Characteristics of study participants of FN and non-FN ethnicity are summarized in Table 1. Fewer FN participants were female. On average, the age of MS symptom onset was 2.5 years earlier and the diagnostic delay 2.4 years shorter among FN participants than non-FN participants but these differences did not reach statistical significance. Adjusting for sex, neither the age at MS onset (p = 0.33) nor the length of the diagnostic delay (p = 0.12) differed between the two groups.

Table 1.

Characteristics of participants with multiple sclerosis according to First Nations status.

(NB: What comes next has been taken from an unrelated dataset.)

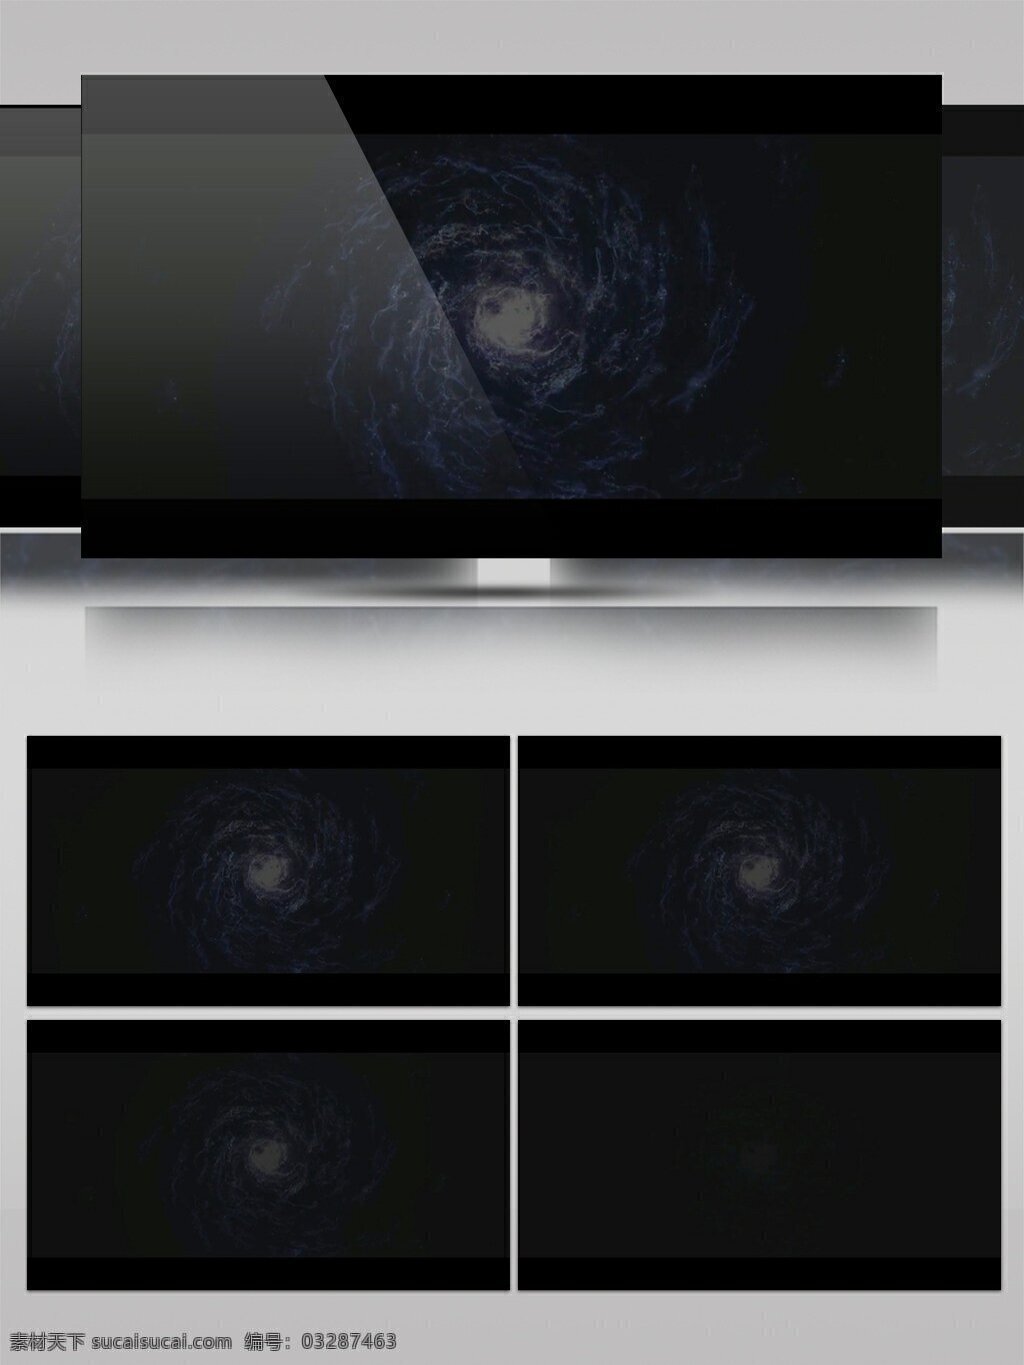 高清 宇宙 星系 唯美 视频 动态视频素材 高清视频素材 视频素材 星河 运行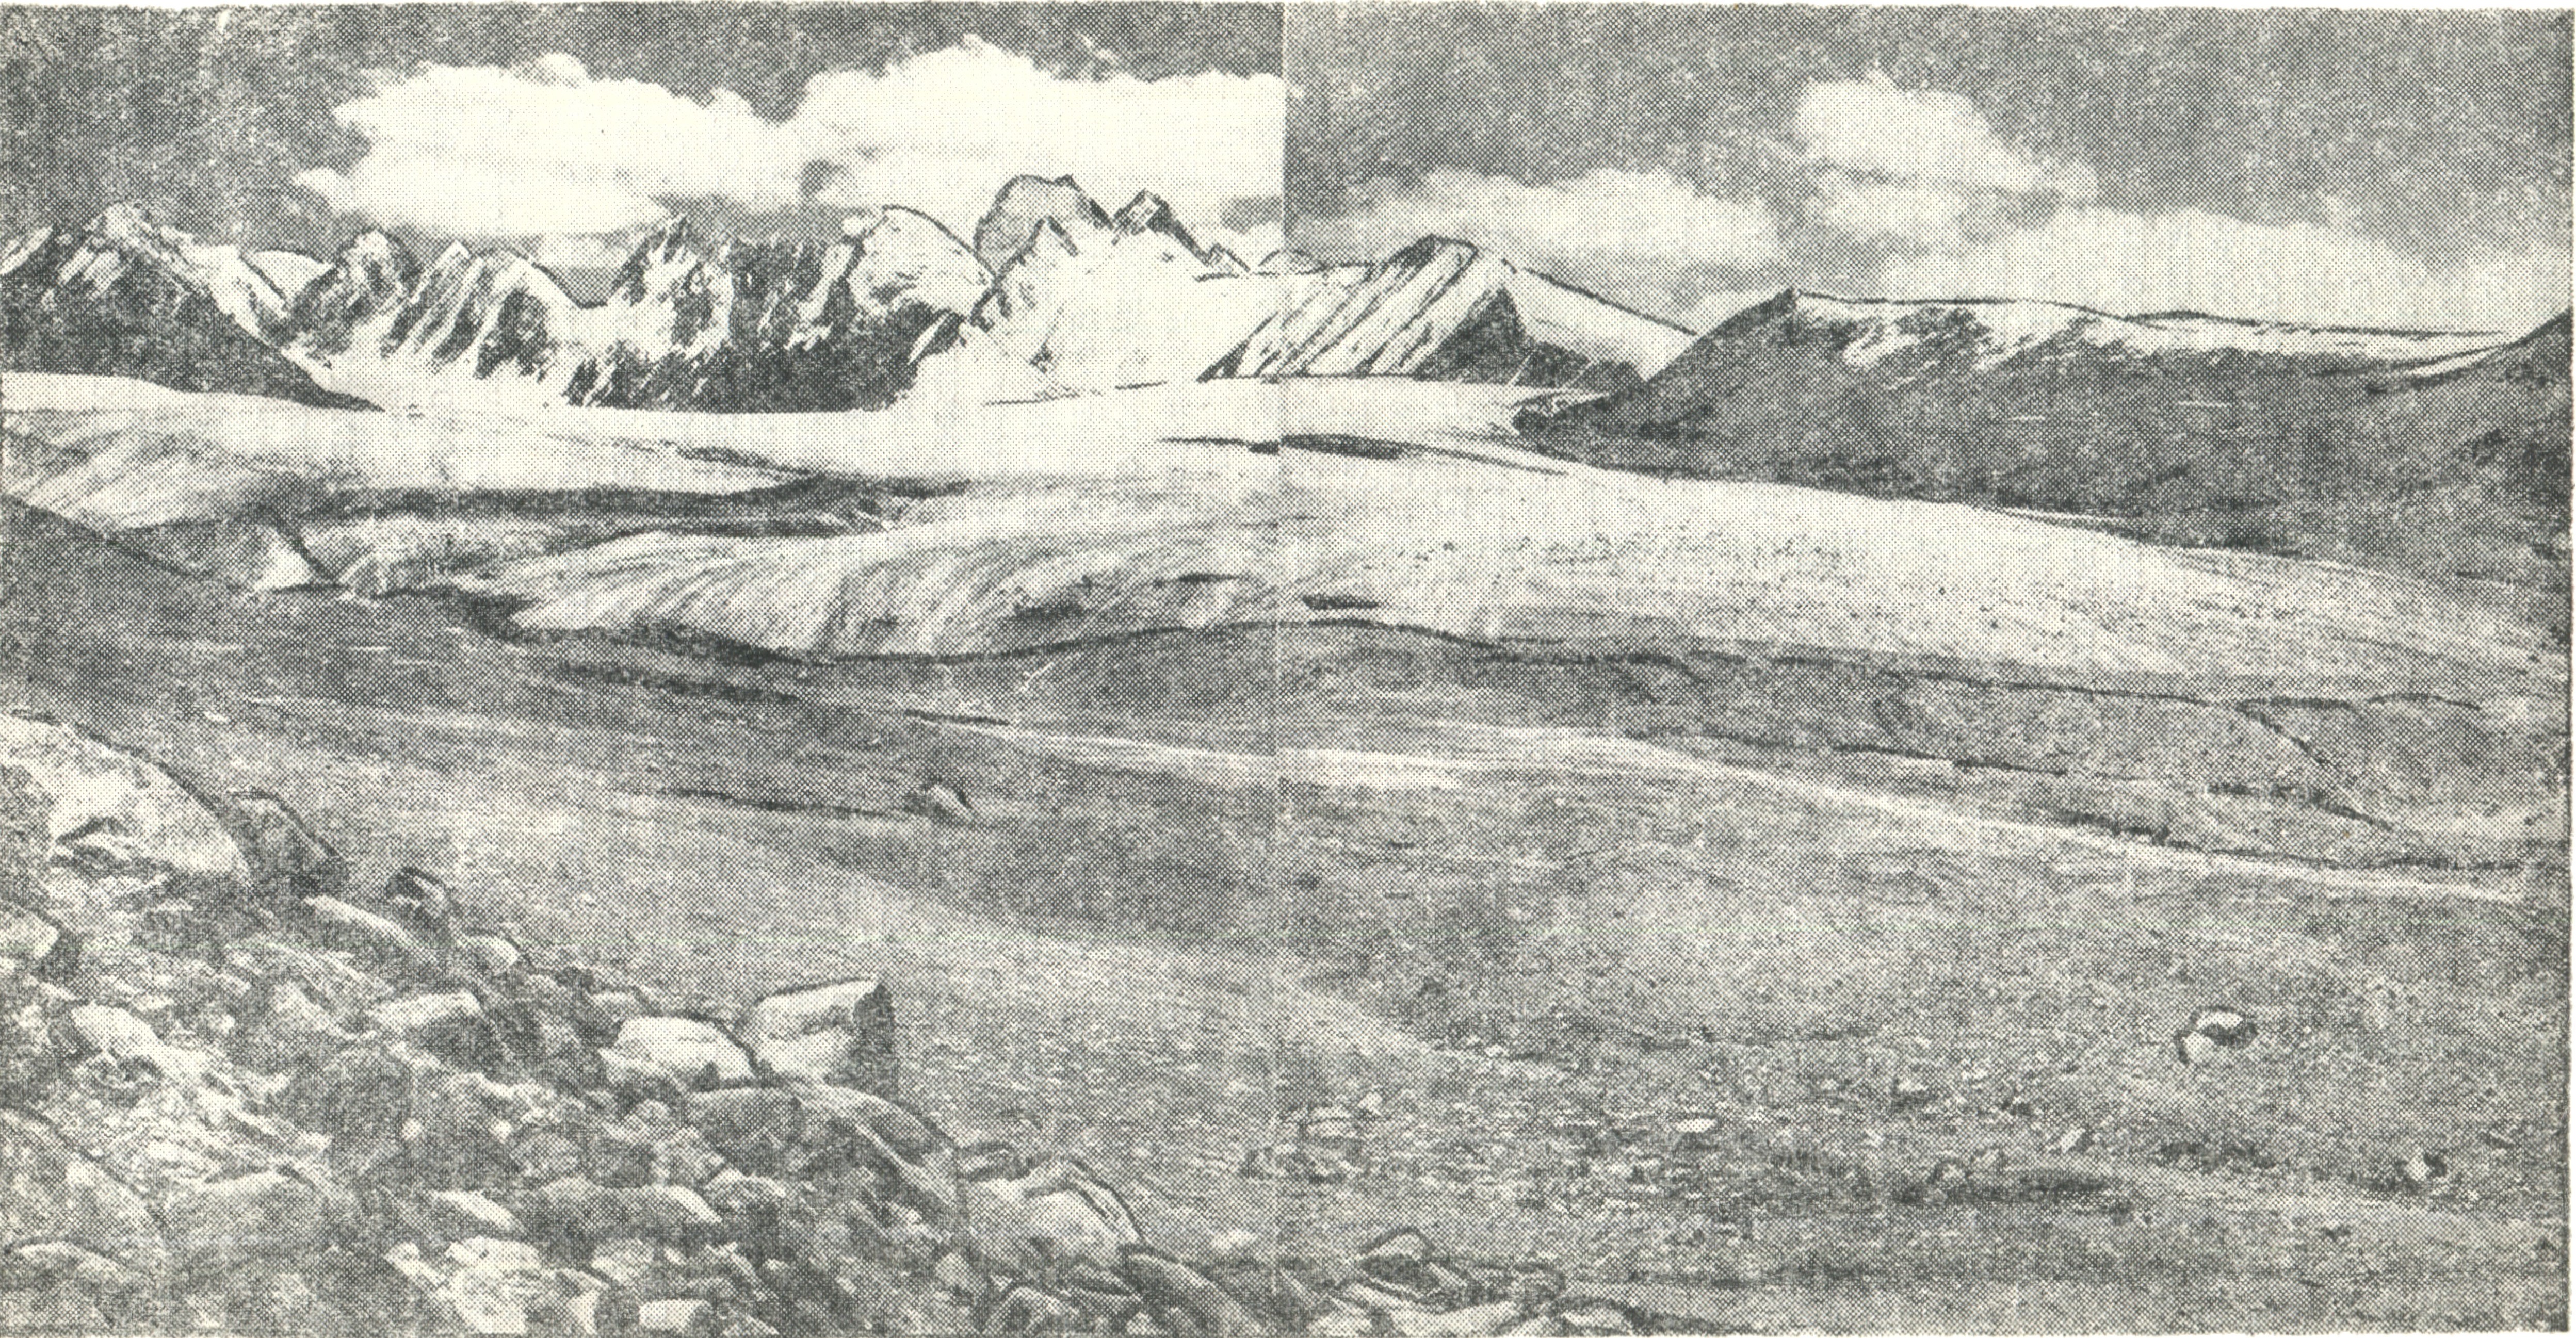 Ледник Комарова. Вид с правого борта долины. 1956 г. Фото из книги Фототеодолитная съемка ледников Тянь-Шаня

Characteristic	Non-First Nations (n = 127)	First Nations^a (n = 17)	p value
Female, n (%)	96 (75.6)	9 (52.9)	0.048
Age at enrollment (years), mean (SD)	49.6 (10.1)	37.7 (9.2)	0.0001
Age at MS onset (years), mean (SD)	30.7 (9.6)	28.2 (7.9)	0.21
Age at MS diagnosis (years), mean (SD)	35.5 (10.3)	30.8 (8.1)	0.07
Diagnostic delay (years), mean (SD)	5.0 (5.9)	2.6 (3.1)	0.16
Initial symptoms, n (%)
Optic neuritis	26 (27.1)	5 (31.2)	0.77
Transverse myelitis	49 (51.0)	7 (43.7)	0.59
Motor, non-myelitis	17 (17.7)	6 (37.5)	0.07
Other	63 (65.6)	10 (62.5)	0.81
Clinical course at onset, n (%)
Relapsing	91 (96.8)	16 (100)	1.0
Progressive	3 (3.2)	0 (0)
Comorbid conditions, n (%)
Autoimmune	26 (20.5)	2 (11.8)	0.53
Psychiatric	18 (14.2)	8 (47.1)	0.0009
Cancer	3 (2.4)	0 (0)	1.0
Other	37 (29.1)	11 (64.7)	0.0035
Family history of MS, n (%)
First-degree relatives	58 (45.7)	1 (5.9)	0.0012
Second-degree relatives	15 (11.8)	0 (0)	0.22
Third-degree relatives	40 (31.5)	0 (0)	0.0034
Family history of NMO/NMO-SD, n (%)	0 (0)	0 (0)	1.0
HLA-DRB1*1501 (≥1 alleles), n (%)	72 (56.7)	5 (29.4)	0.041
HLA-DRB1*0301 (≥1 alleles),^b n (%)	–	0 (0)
HLA-DRB1*0405 (≥1 alleles),^b n (%)	–	1 (6.7)
HLA-DRB1*1602 (≥1 alleles),^b n (%)	–	3 (18.7)
HLA-DPB1*0501 (≥1 alleles),^b n (%)	–	0 (0)
HLA-DQA1*0102 (≥1 alleles),^b n (%)	–	4 (25.0)
HLA-DQB1*0402 (≥1 alleles),^b n (%)	–	5 (31.2)
HLA-DQB1*0602 (≥1 alleles),^b n (%)	–	4 (25.0)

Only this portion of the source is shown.